For example, the function update unit 22 may be configured to
update the function for calculating the arrangement positions of
the magnets on the core, based on the state variable observed by
the state observation unit 11 and the reward calculated by the
reward calculation unit 21 and in accordance with a neural network
model. As a method for calculating the state variable in a
multilayered structure, it is possible, for example, to use a
multilayered neural network such as illustrated in FIG. 10
described hereinafter.
[0045] FIG. 5 is a flow chart illustrating an operation flow of the
machine learning method using reinforcement learning according to
an embodiment.
[0046] First, at state observation step S101, the state observation
unit 11 observes a state variable composed of data relating to the
arrangement positions of the plurality of magnets arranged on the
core, data relating to the magnitude of cogging torque generated
when the plurality of magnets are arranged at the arrangement
positions, and data relating to the magnetic flux density of each
magnet.
[0047] Then, at reward calculation step S102-1, the reward
calculation unit 21 calculates a reward based on the magnitude of
cogging torque generated when the plurality of magnets are arranged
at certain arrangement positions on the core.

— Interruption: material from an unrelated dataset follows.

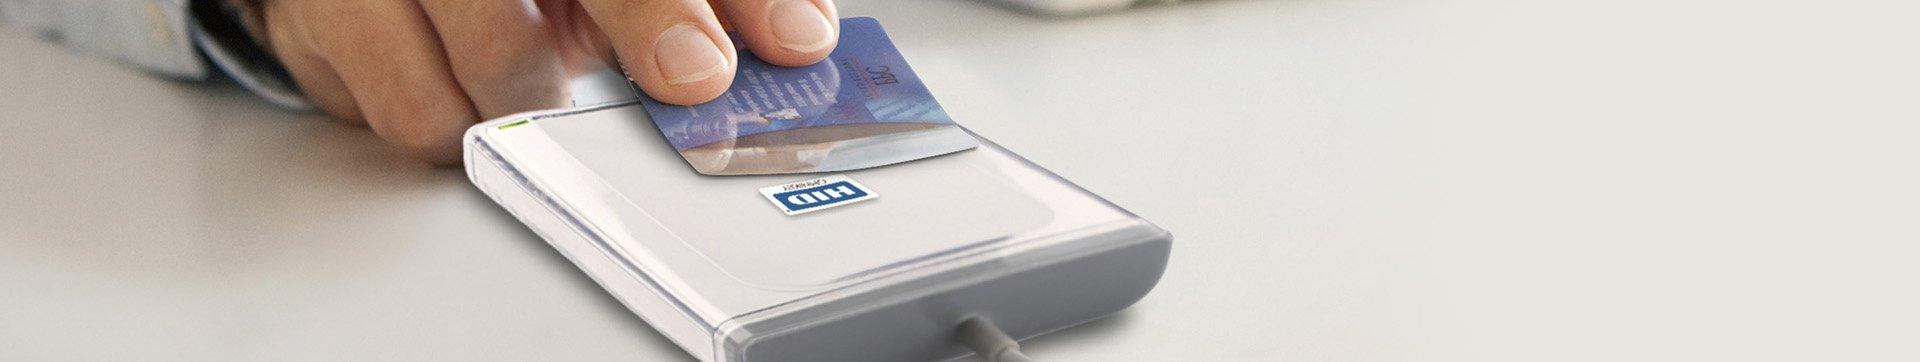 Kartice EM 4000 serija beskontaktna kartica

[0048] Then, at function update step S102-2, the function update
unit 22 updates the function (action value table) for calculating
the arrangement positions of the magnets on the core, based on the
state variable observed by the state observation unit 11 and the
reward calculated by the reward calculation unit 21.
[0049] Subsequently, description will be made of a rotor design
apparatus including the above-described machine learning
apparatus.
[0050] FIG. 6 is a principle block diagram illustrating the rotor
design apparatus including the machine learning apparatus according
to an embodiment.
[0051] The rotor design apparatus 100 according to the embodiment
includes the above-described machine learning apparatus 1, a
decision-making unit 13, an input unit 14, a cogging torque
calculation unit 15, and a notification unit 16.

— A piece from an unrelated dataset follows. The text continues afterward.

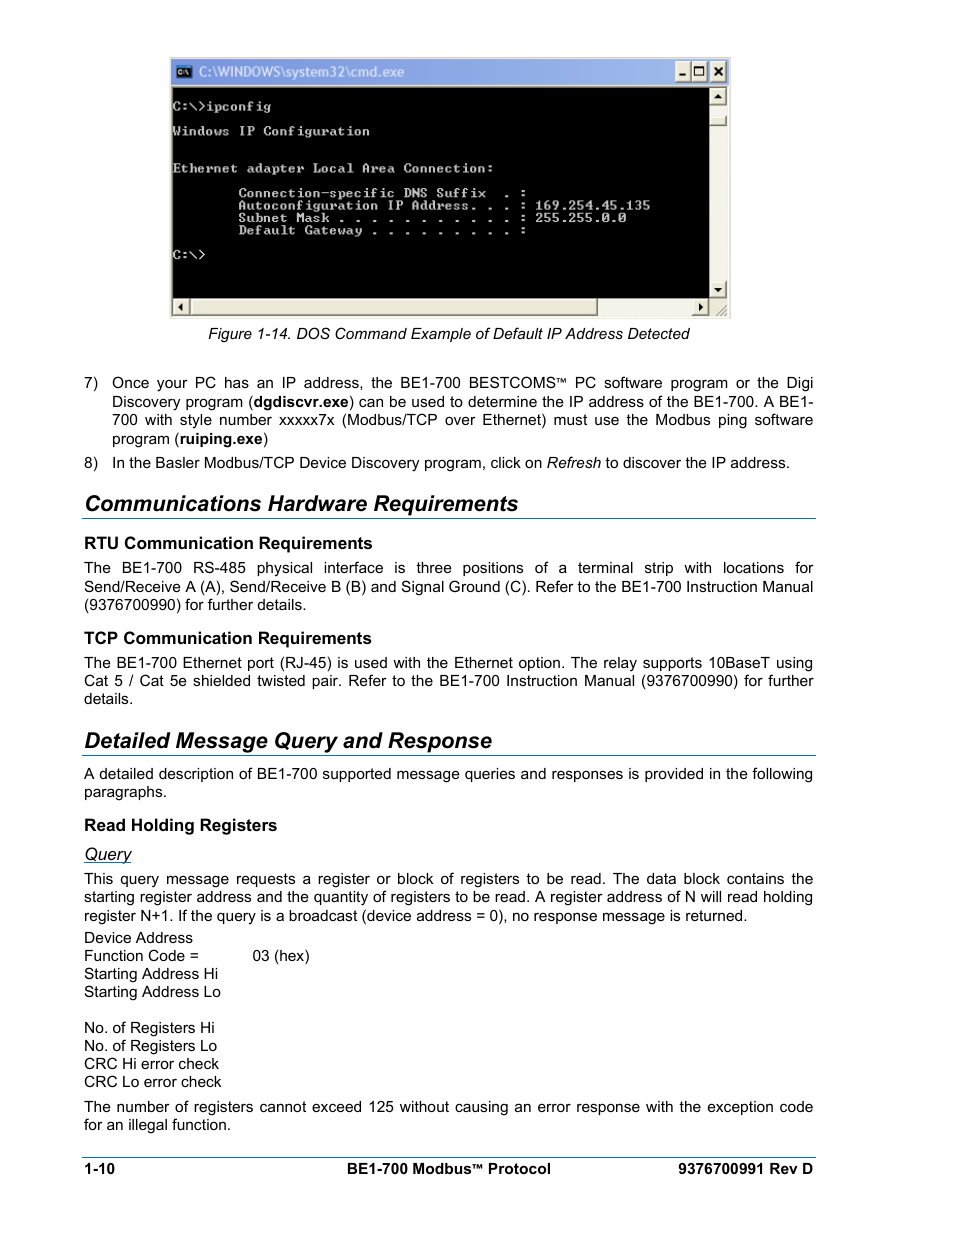 Communications hardware requirements, Rtu communication

[0052] The input unit 14 is one by which data relating to the
measured magnetic flux density of each magnet is inputted, and may,
for example, include a keyboard, mouse, touch panel and so forth,
which are accessories of a computer (not illustrated). Further,
alternatively, the input unit 14 may be one by which data outputted
from a measurement apparatus (not illustrated) that measures the
magnetic flux density of the magnet is directly inputted via a
wired cable or via wireless communication. The inputted data
relating to the magnetic flux density is stored in a storage device
(not illustrated) in association with the identification number of
each magnet, and used for processing in a subsequent cogging torque
calculation unit 15.
[0053] The cogging torque calculation unit 15 calculates the
magnitude of the cogging torque generated when the plurality of
magnets are arranged at certain arrangement positions on the core,
based on the data relating to the magnetic flux density of each
magnet inputted via the input unit 14. The data relating to the
magnitude of the cogging torque for each arrangement position
calculated by the cogging torque calculation unit 15 is inputted to
the state observation unit 11 in the machine learning apparatus 1.

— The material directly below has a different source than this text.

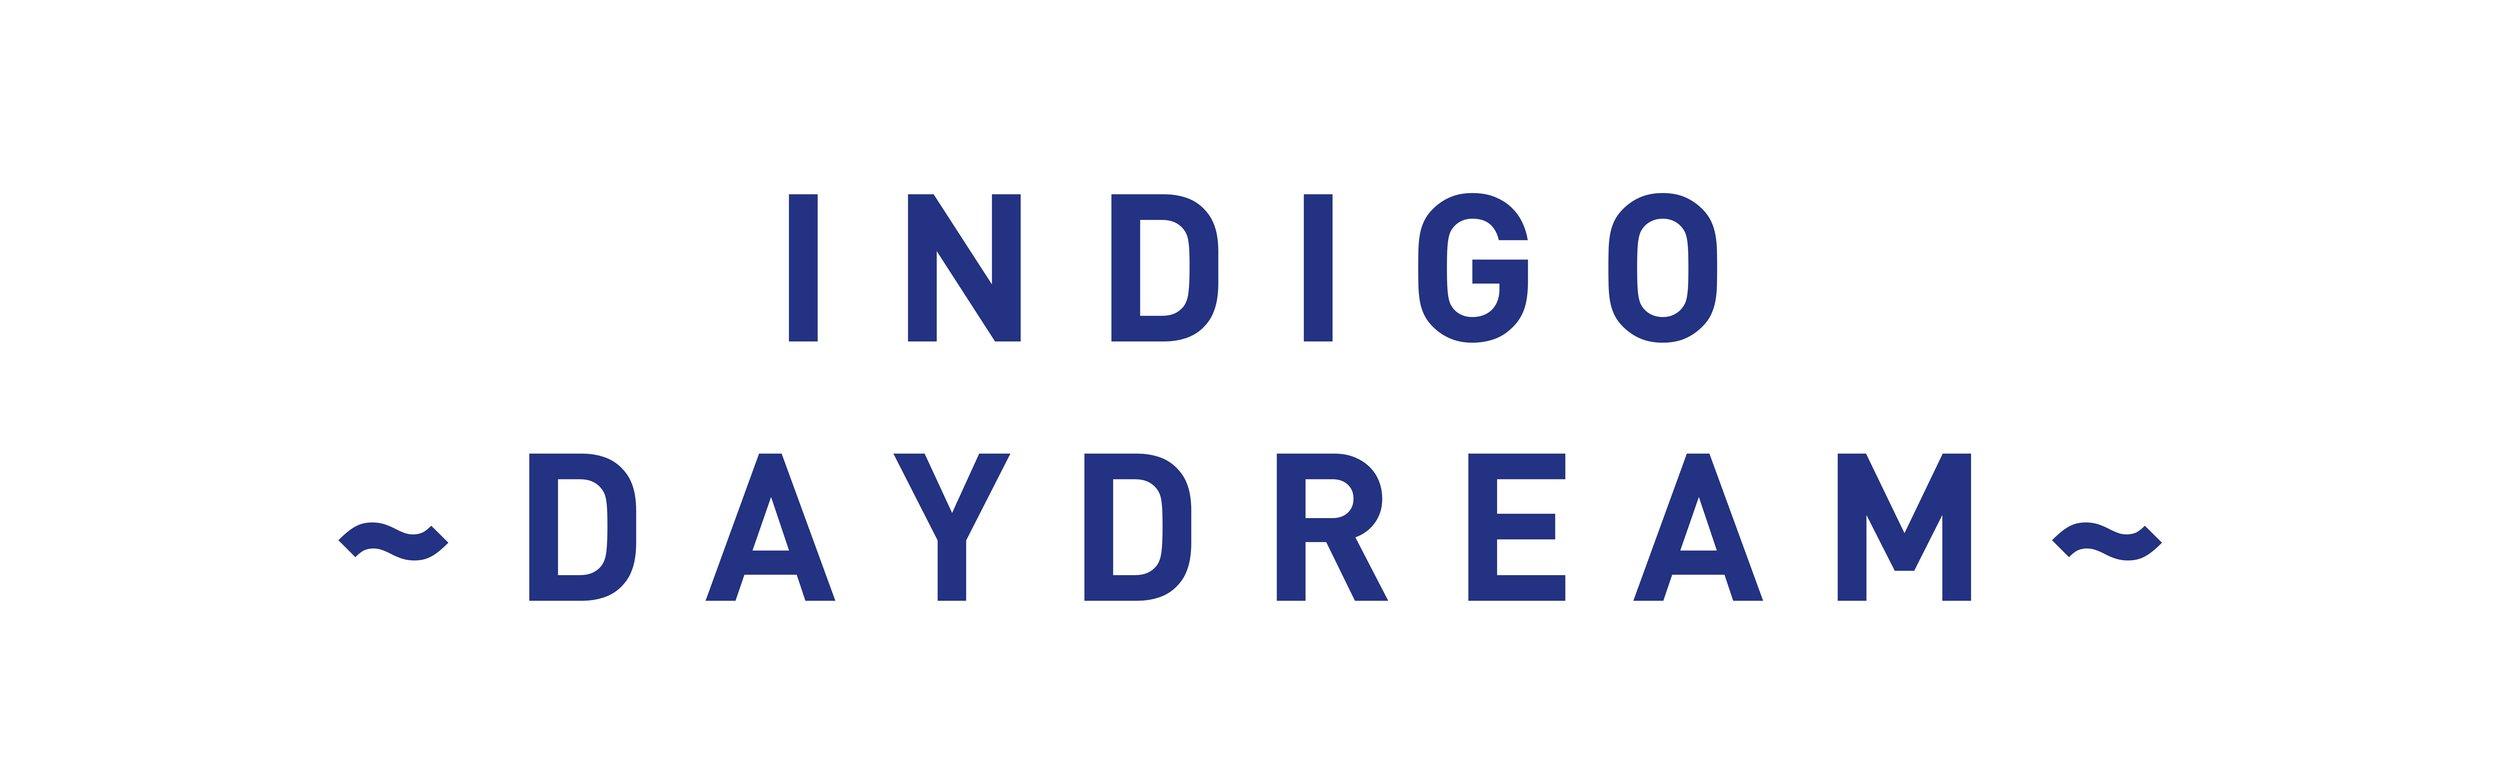 indigo daydream.jpg

The more the variation in the arrangement position of the magnet
for which the magnitude of the cogging torque is calculated, the
more enhanced is the accuracy of learning result. For example, when
the number of the magnets is n (where n is a natural number), there
are "n! (i.e., factorial of n)" arrangement position patterns
(orders of arrangement) of the magnets.
[0054] The machine learning apparatus 1 in the rotor design
apparatus 100 includes the state observation unit 11 and the
learning unit 12 as described above.
[0055] The state observation unit 11 observes a state variable
composed of data relating to arrangement positions of the plurality
of magnets arranged on the core inputted from the cogging torque
calculation unit 15, data relating to the magnitude of cogging
torque generated when the plurality of magnets are arranged at the
respective arrangement positions, and data relating to the magnetic
flux density of each magnet inputted from the input unit 14.
[0056] The reward calculation unit 21 in the learning unit 12
calculates a reward based on the magnitude of cogging torque
generated when the plurality of magnets are arranged at certain
arrangement positions on the core. For example, the reward
calculation unit 21 increases the reward when the magnitude of the
cogging torque generated when the plurality of magnets are arranged
at certain arrangement positions on the core is smaller than the
magnitude of the cogging torque observed by the state observation
unit 11 before the magnitude of the current cogging torque, and
reduces the reward when larger. Further, for example, the reward
calculation unit 21 increases the reward when the magnitude of
cogging torque generated when the plurality of magnets are arranged
at certain arrangement positions on the core is inside a specified
range, and reduces the reward when the magnitude is outside the
specified range.
[0057] The function update unit 22 in the learning unit 12 updates
the function (action value table) for calculating the arrangement
position of the magnet on the core based on the state variable
observed by the state observation unit 11 and the reward calculated
by the reward calculation unit 21.
[0058] The decision-making unit 13 determines the arrangement
positions of the magnets on the core based on a result learned by
the learning unit 12 in accordance with a training data set and in
response to input of a current state variable. In the present
embodiment, since, by way of example, reinforcement learning is
used as a learning algorithm, the function update unit 22 in the
learning unit 12 updates, based on the reward calculated by the
reward calculation unit 21 in the learning unit 12, the function
for calculating the arrangement positions of the magnets on the
core, and the decision-making unit 13 selects, based on the updated
function, the arrangement position of the magnet for which the
highest reward is obtained.
[0059] The notification unit 16 is to notify the operator of the
arrangement positions of the magnets determined by the
decision-making unit 13, for which the highest reward is obtained.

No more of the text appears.